[jira] [Comment Edited] (HADOOP-14124) S3AFileSystem silently deletes "fake" directories when writing a file.

Joel Baranick (JIRA) Mon, 27 Feb 2017 15:29:50 -0800

    [ 
https://issues.apache.org/jira/browse/HADOOP-14124?page=com.atlassian.jira.plugin.system.issuetabpanels:comment-tabpanel&focusedCommentId=15886734#comment-15886734
 ]


Joel Baranick edited comment on HADOOP-14124 at 2/27/17 11:27 PM:
------------------------------------------------------------------

Hey Steve,

Thanks for the info.  I read the Hadoop Filesystem specification and it seems 
like this scenario is breaking some of the specification.

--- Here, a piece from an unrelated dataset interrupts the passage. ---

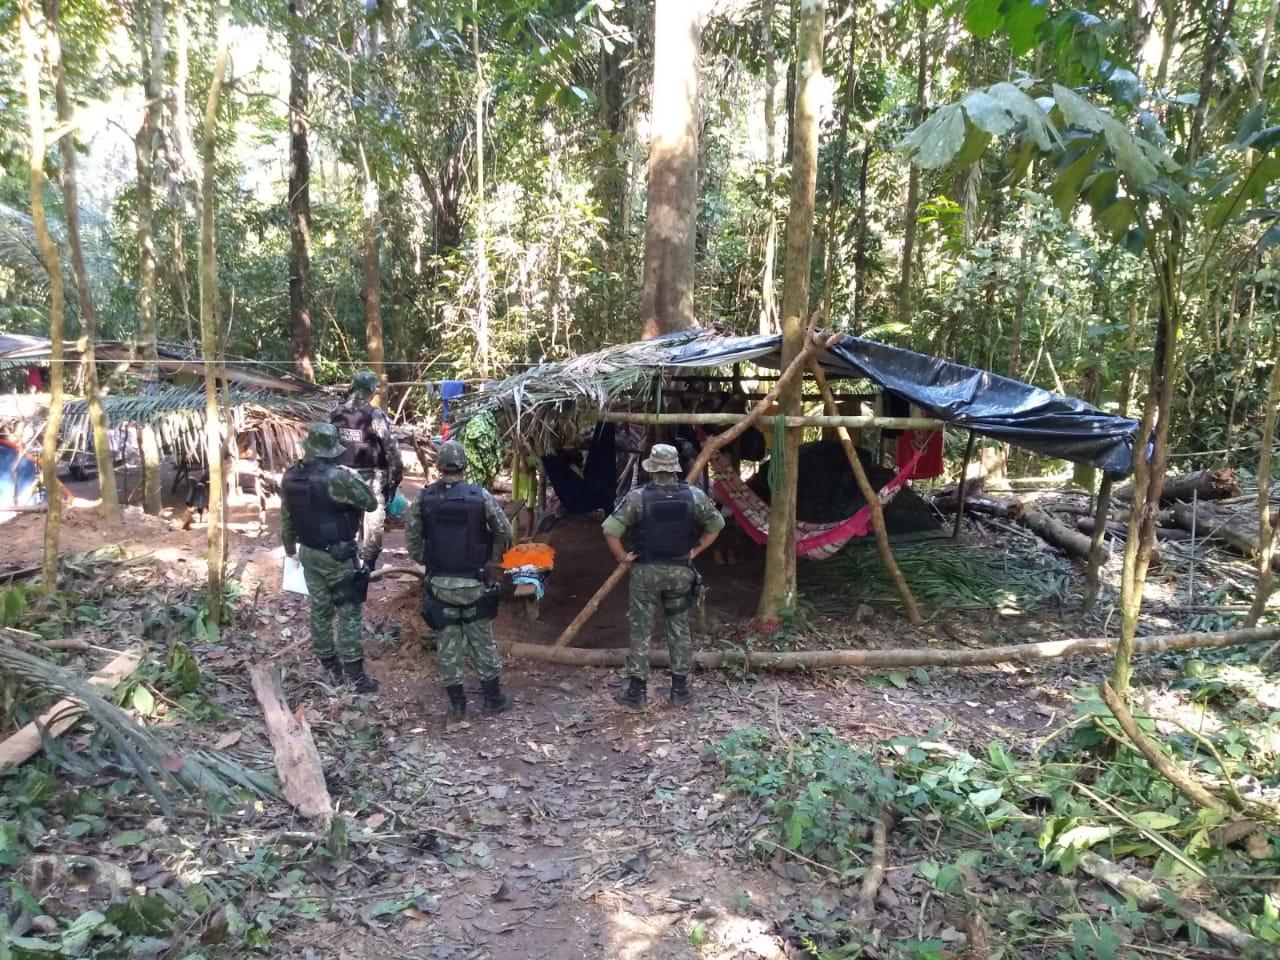 Operação contra crimes ambientais realiza prisões em reserva comunitária do Incra

First, the postcondition of the specification for {{FSDataOutputStream 
create(Path, ...)}} states that the "... updated (valid) FileSystem must 
contains all the parent directories of the path, as created by 
mkdirs(parent(p)).".  I would content that in this scenario, the opposite is 
happening.

Second, the "Empty (non-root) directory" postcondition of the specification for 
{{FileSystem.delete(Path P, boolean recursive)}} states that "Deleting an empty 
directory that is not root will remove the path from the FS and return true.".  
While this is occurring, I think that considering the a fake directory empty 
even if it has another fake directory in it is incorrect.  For example, on 
debian, the following doesn't work. 
{noformat}
[~]# mkdir job
[~]# cd job
[job]# mkdir task
[job]# cd ..
[~]# rmdir job
rmdir: failed to remove ‘job’: Directory not empty
{noformat}

Additionally, the interaction of AmazonS3Client/CyberDuck with empty 
directories seems different than you described.  See the following scenario:
# Open CyberDuck and connect to an S3 Bucket
# Create a folder called {{job}} in CyberDuck
# Right Click on the {{job}} folder and open +Info+. Result: _Size = 0B_ and 
_S3 tab works_
# Call {{AmazonS3Client.getObjectMetadata("bucket", "job/")}}.  Result: 
_Success_
# Call {{AmazonS3Client.listObjects("bucket", "job/")}}. Result:
#* _job/_
# Call {{S3AFileSystem.listStatus(new Path("/"))}}.  Result: 
#* _s3a://bucket/job_ ^dir^
# Call {{S3AFileSystem.listStatus(new Path("/job/"))}}.  Result: 
#* _s3a://bucket/job_ ^dir;empty^
# Navigate into the {{job}} folder in CyberDuck
# Create a folder called {{task}} in CyberDuck
# Right Click on the {{task}} folder and open +Info+.  Result: _Size = 0B_ and 
_S3 tab works_
# Call {{AmazonS3Client.getObjectMetadata("bucket", "job/")}}  Result: _Success_
# Call {{AmazonS3Client.getObjectMetadata("bucket", "job/task/")}}  Result: 
_Success_
# Call {{AmazonS3Client.listObjects("bucket", "job/")}}.  Result:
#* _job/_
#* _job/task/_
# Call {{S3AFileSystem.listStatus(new Path("/"))}}.  Result: 
#* _s3a://bucket/job_ ^dir^
# Call {{S3AFileSystem.listStatus(new Path("/job/"))}}.  Result: 
#* _s3a://bucket/job_ ^dir;empty^
#* _s3a://bucket/job/task_ ^dir^
# Upload _file_ into _/job/task_ via CyberDuck
# Call {{AmazonS3Client.getObjectMetadata("bucket", "job/")}}  Result: _Success_
# Call {{AmazonS3Client.getObjectMetadata("bucket", "job/task/")}}  Result: 
_Success_
# Call {{AmazonS3Client.listObjects("bucket", "job/")}}.  Result:
#* _job/_
#* _job/task/_
#* _job/task/file_
# Call {{S3AFileSystem.listStatus(new Path("/"))}}.  Result: 
#* _s3a://bucket/job_ ^dir^
# Call {{S3AFileSystem.listStatus(new Path("/job/"))}}.  Result: 
#* _s3a://bucket/job_ ^dir;empty^
#* _s3a://bucket/job/task_ ^dir^
# Call {{S3AFileSystem.listStatus(new Path("/job/task/"))}}.  Result: 
#* _s3a://bucket/job/task_ ^dir;empty^
#* _s3a://bucket/job/task/file_ ^file^

One thing to note above is the inconsistent results for 
{{S3AFileSystem.listStatus(...))}}.  In some cases a folder will be indicated 
as empty and in other it will be not empty. 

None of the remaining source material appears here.